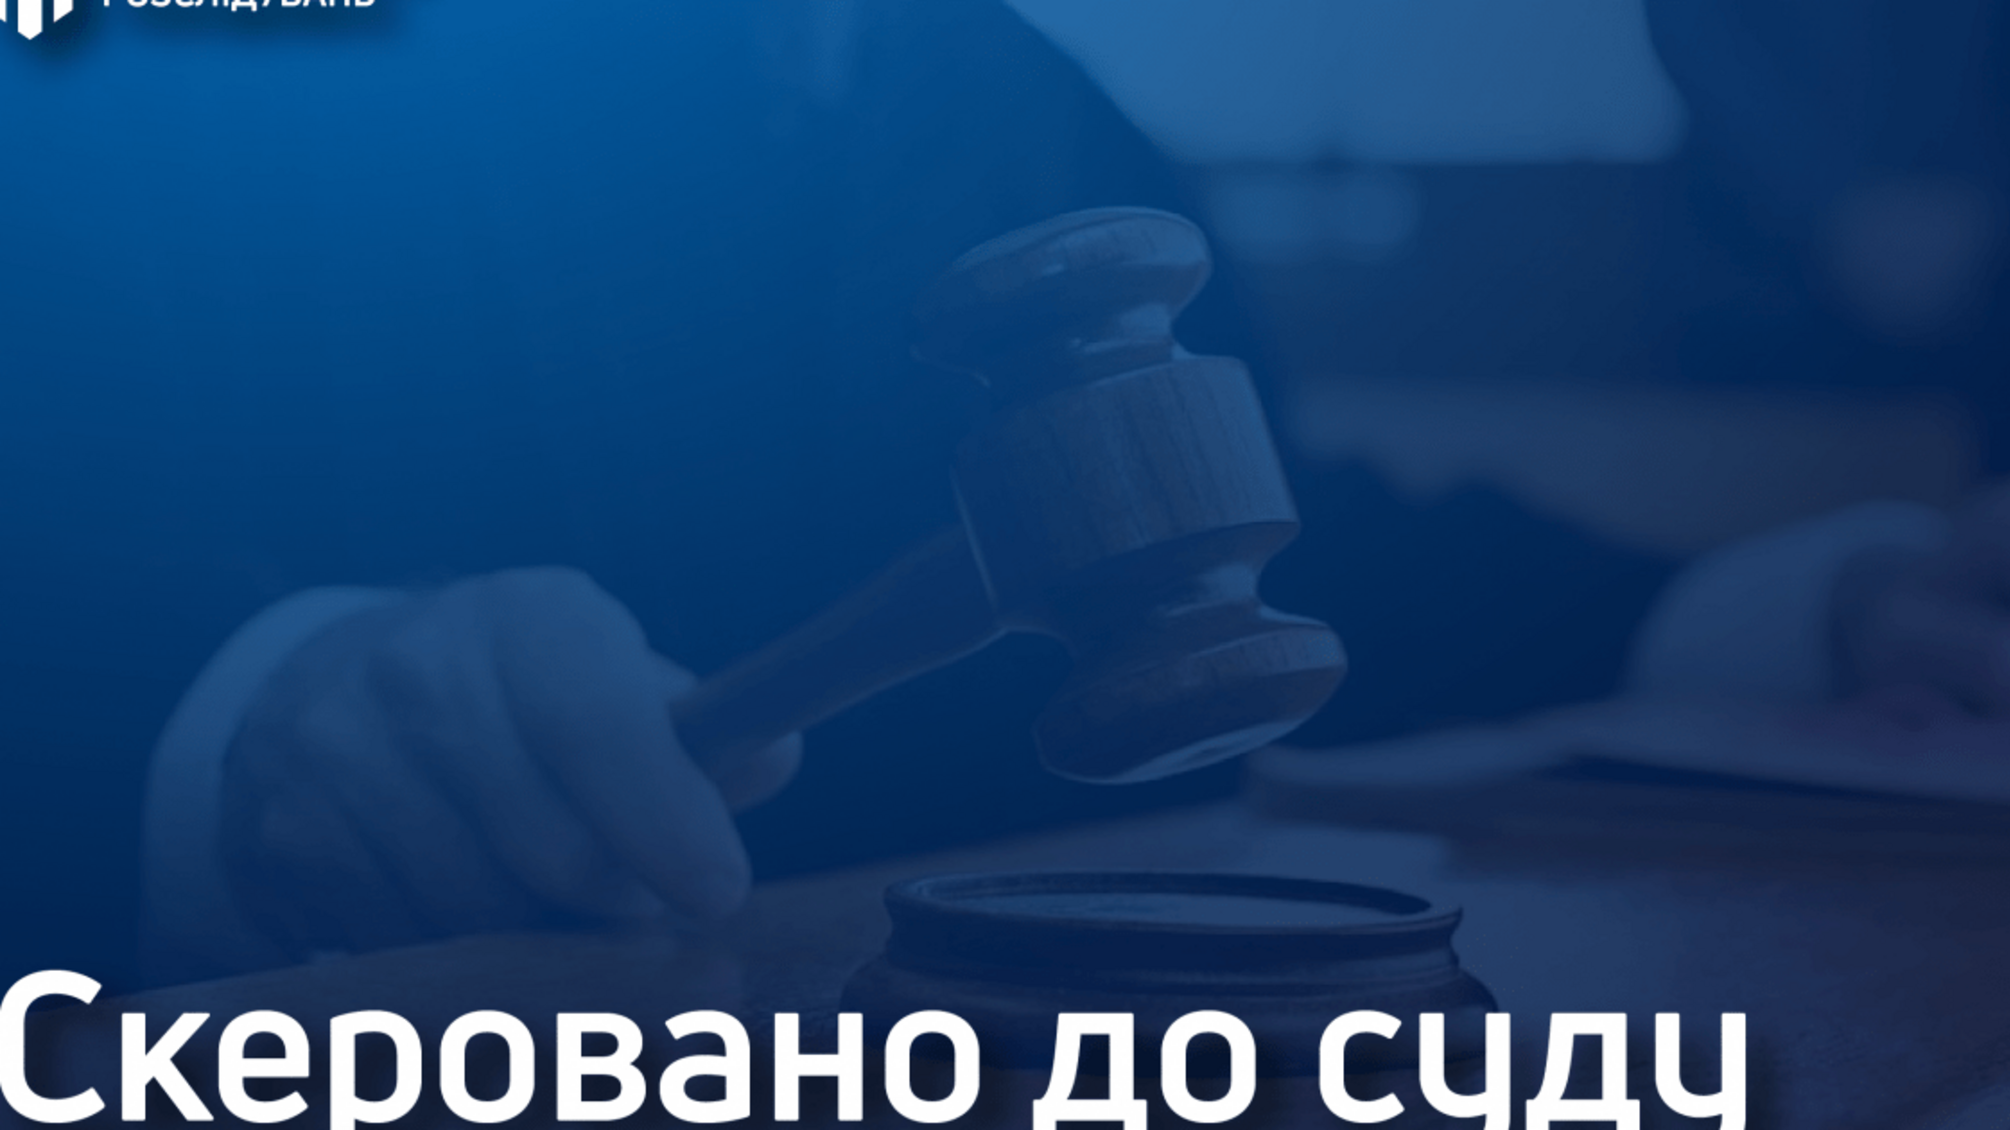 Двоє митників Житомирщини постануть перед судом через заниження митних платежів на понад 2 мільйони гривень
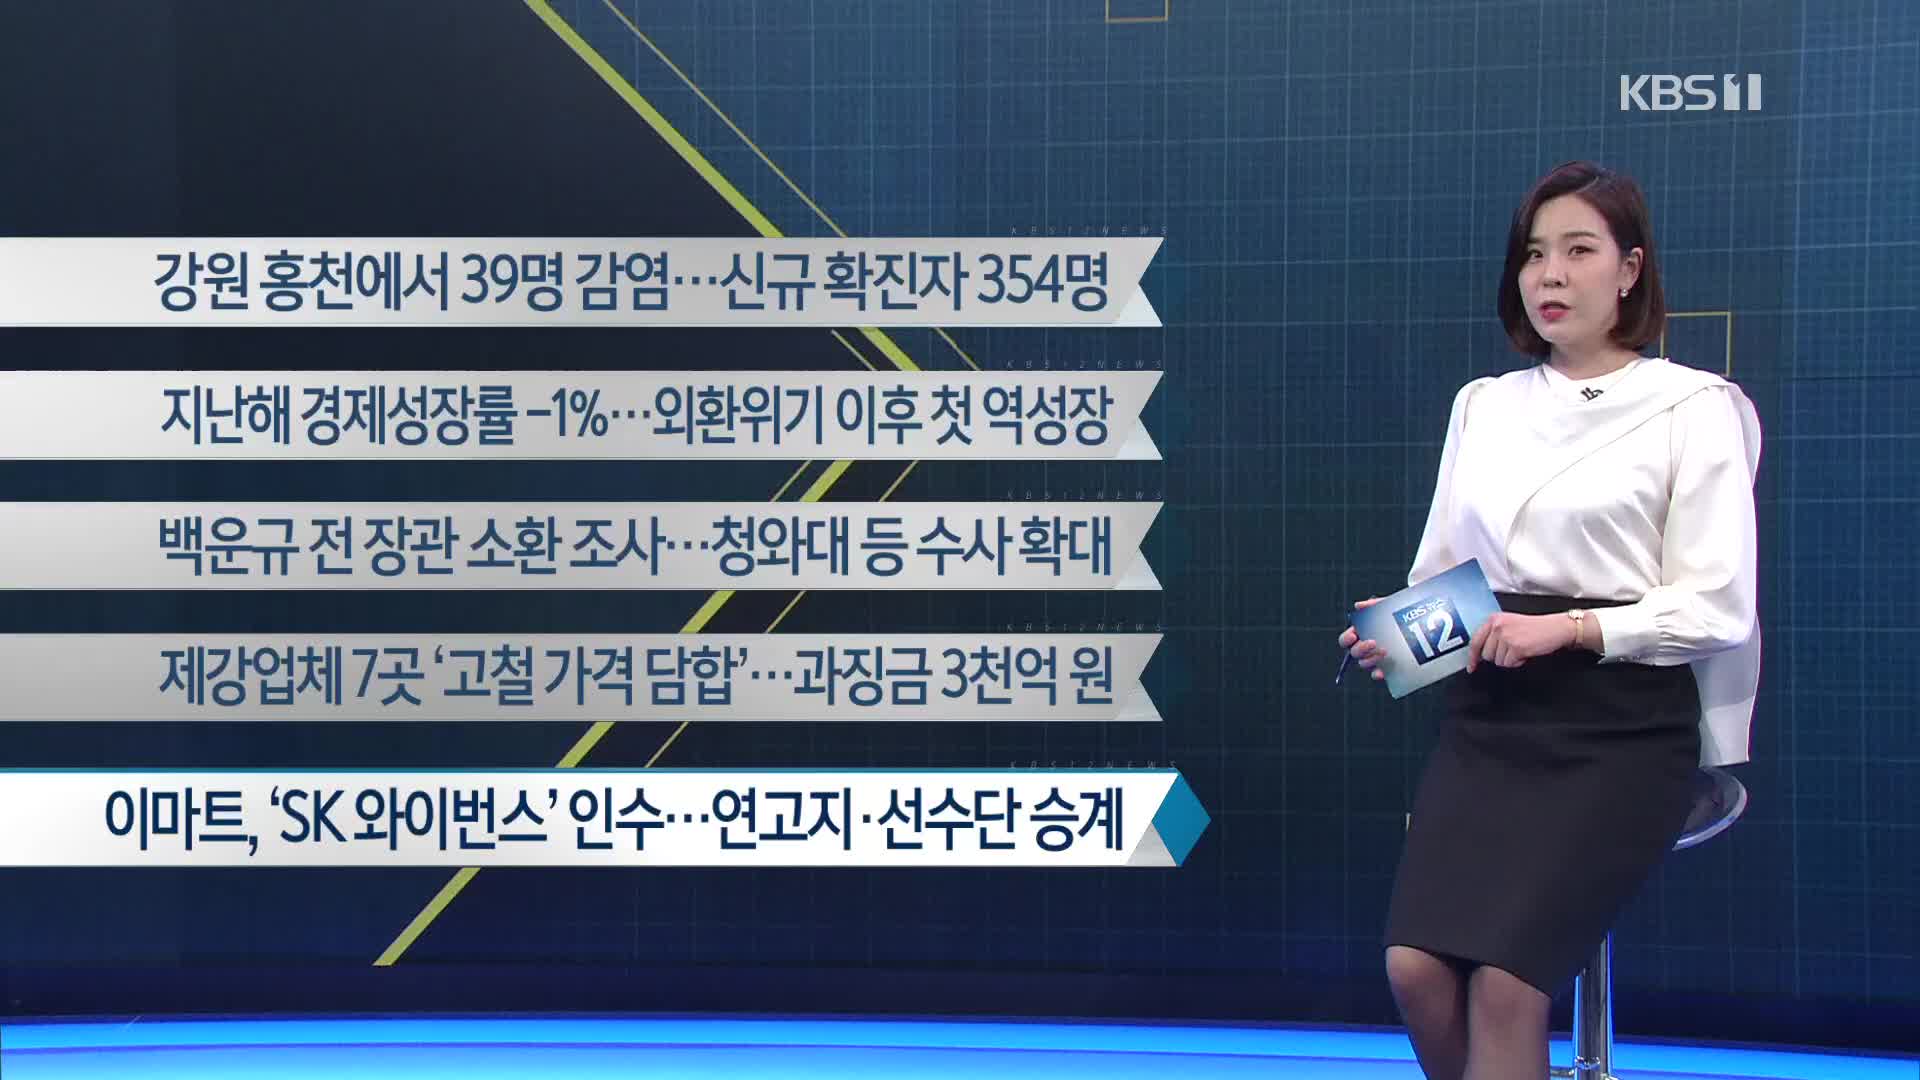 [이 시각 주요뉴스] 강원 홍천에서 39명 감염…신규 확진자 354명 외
* * *
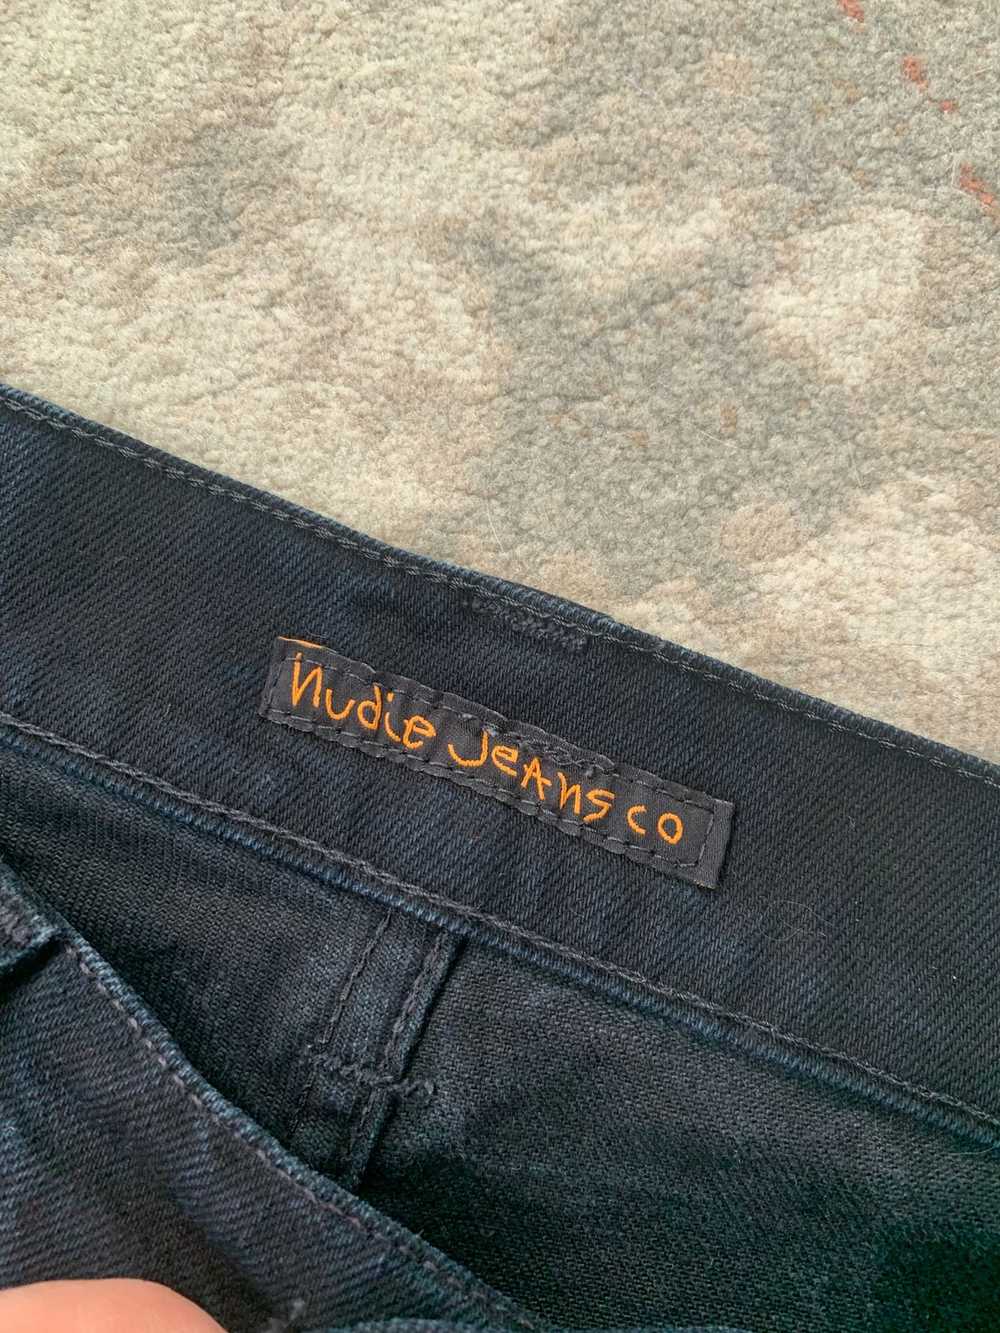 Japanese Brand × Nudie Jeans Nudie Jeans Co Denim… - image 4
==
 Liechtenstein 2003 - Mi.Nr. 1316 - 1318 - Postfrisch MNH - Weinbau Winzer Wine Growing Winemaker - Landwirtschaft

Problem statement:
The answer is those lines of the material above that run from the one containing "Двоє митників Житомирщини" up to and including the one containing "[이 시각 주요뉴스] 강원 홍천에서 39명 감염…신규 확진자 354명 외", restated exactly and without images.

Problem solution:
 Двоє митників Житомирщини постануть перед судом через заниження митних платежів на понад 2 мільйони гривень
 [이 시각 주요뉴스] 강원 홍천에서 39명 감염…신규 확진자 354명 외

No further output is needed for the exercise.